- _Requirement_
Write out the listing below without alteration, omitting its pictures.

- _Data section_
|---|
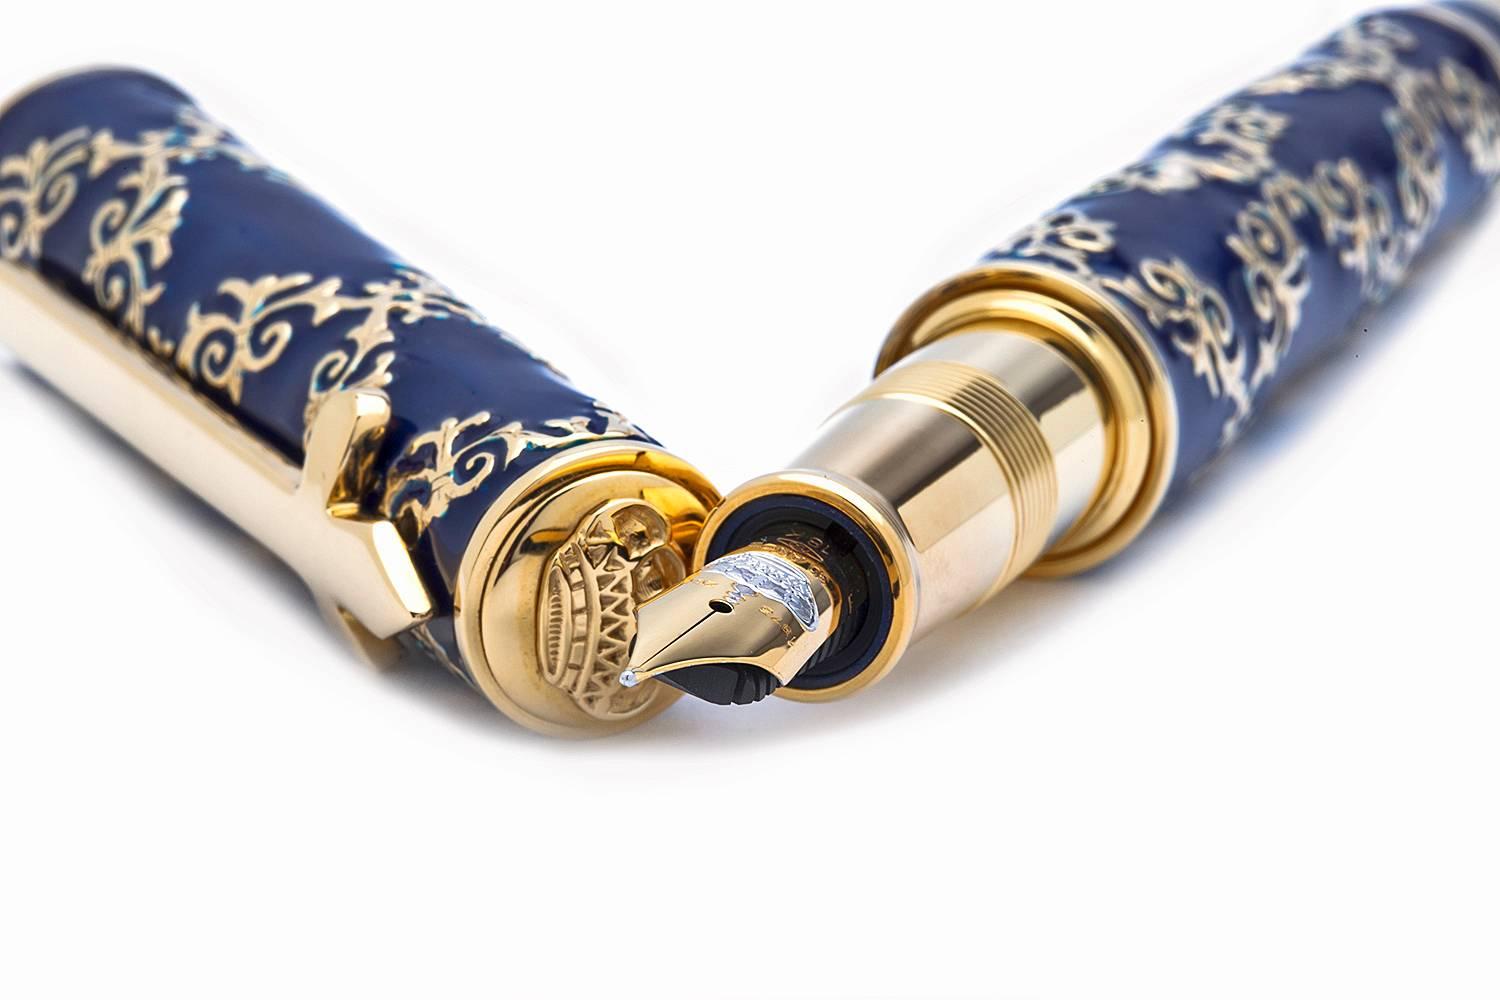 OMAS Spanish Royal Family Limited Edition Fountain Pen. Only 30 pieces made, Number 29/30. 18K Yellow Gold and Bourbon Blue Enamel, Blue Bourbon Enamel is Bourbon's Royal Family color. On the head of the cap there is the Crown, the symbol of the
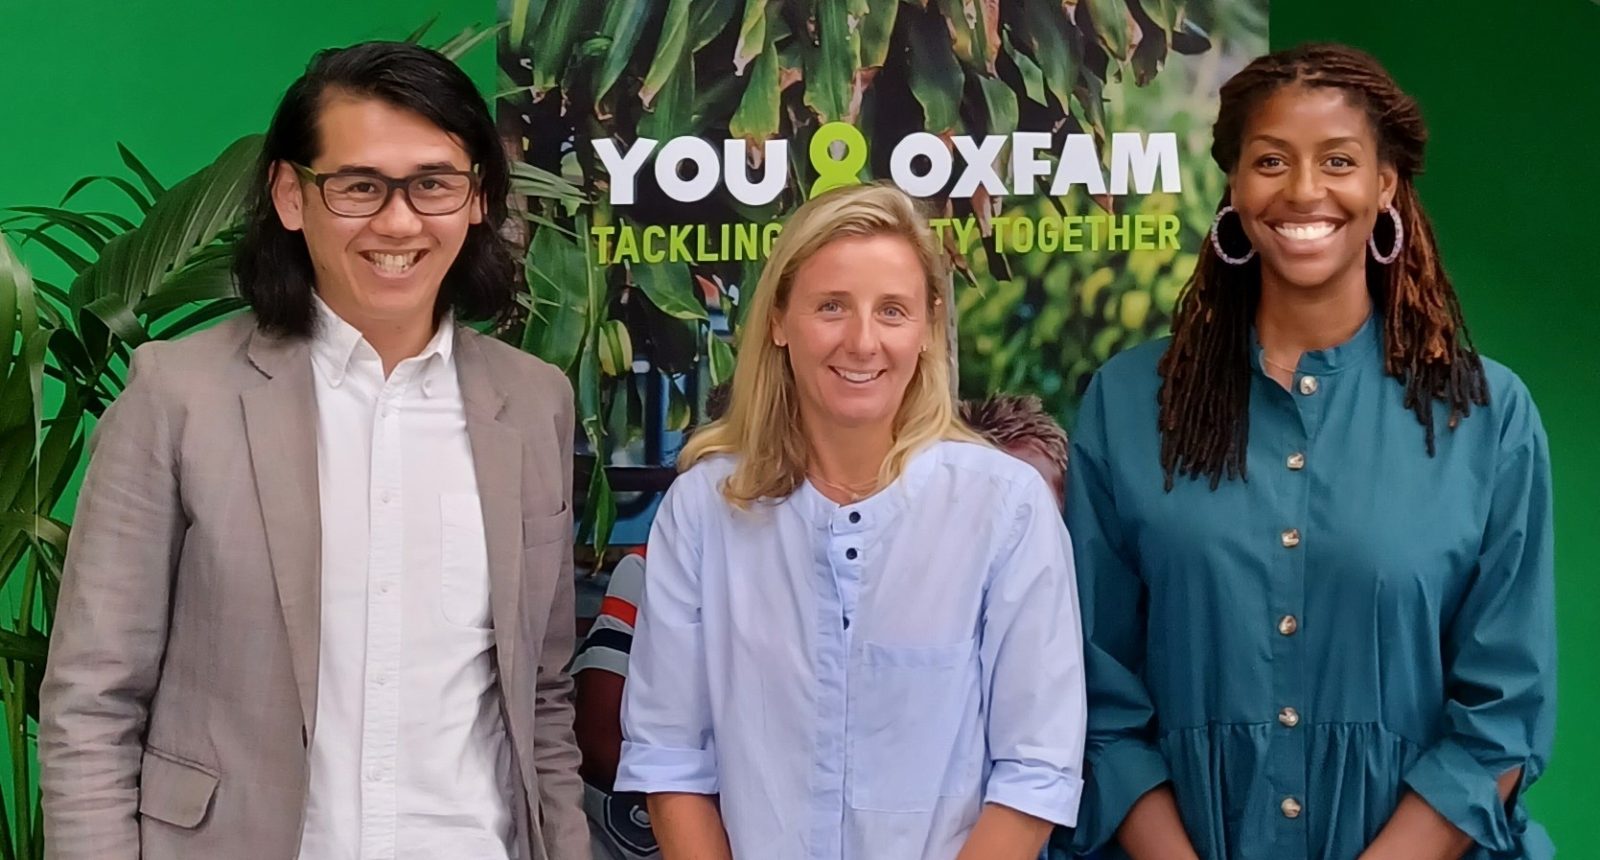 A man and two women all smiling in front of an Oxfam poster
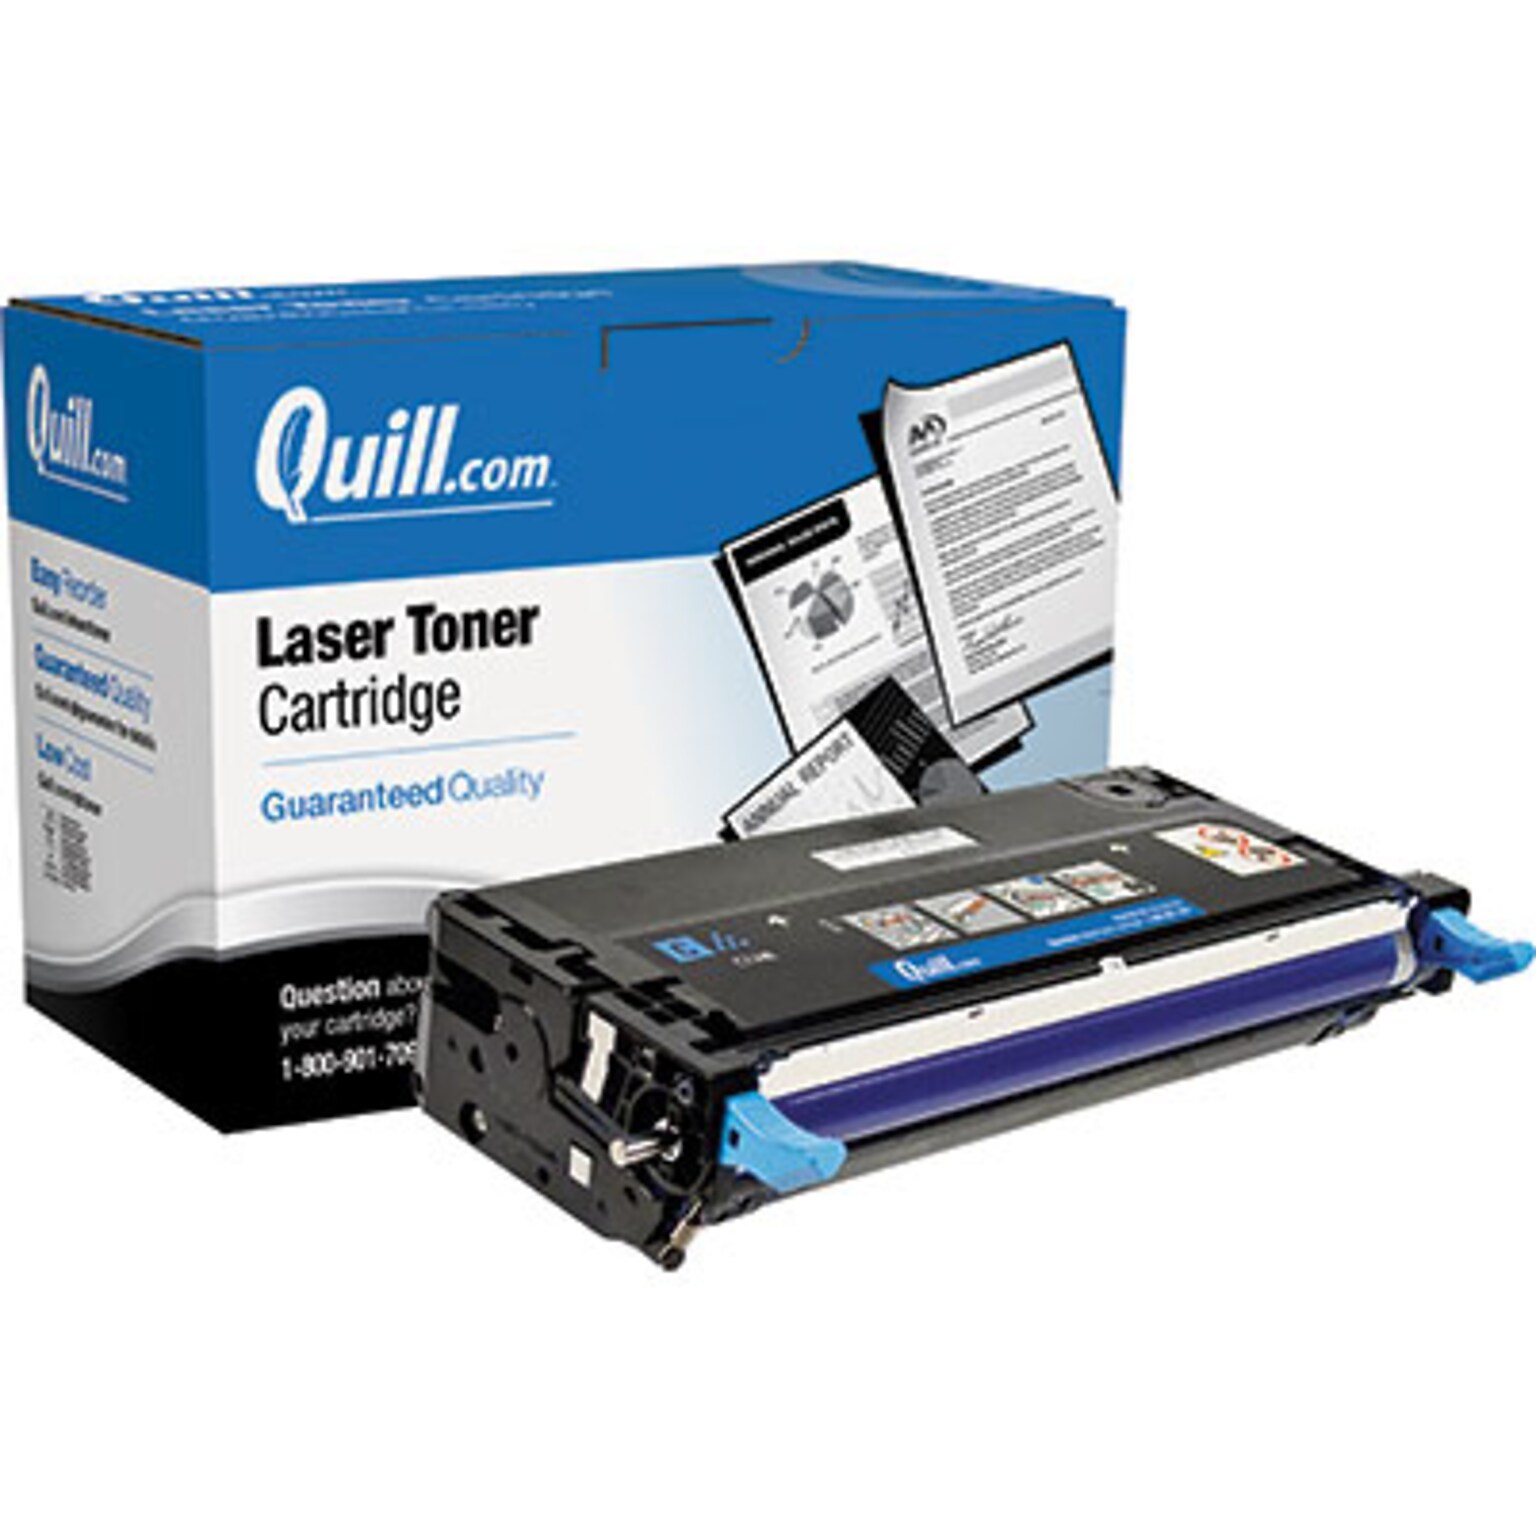 Quill Brand Remanufactured Laser Toner Cartridge Comparable to Dell H513C High Yield Cyan (100% Satisfaction Guaranteed)
|---|
- _Your solution_
 OMAS Spanish Royal Family Limited Edition Fountain Pen. Only 30 pieces made, Number 29/30. 18K Yellow Gold and Bourbon Blue Enamel, Blue Bourbon Enamel is Bourbon's Royal Family color. On the head of the cap there is the Crown, the symbol of the
 A man and two women all smiling in front of an Oxfam poster
 Quill Brand Remanufactured Laser Toner Cartridge Comparable to Dell H513C High Yield Cyan (100% Satisfaction Guaranteed)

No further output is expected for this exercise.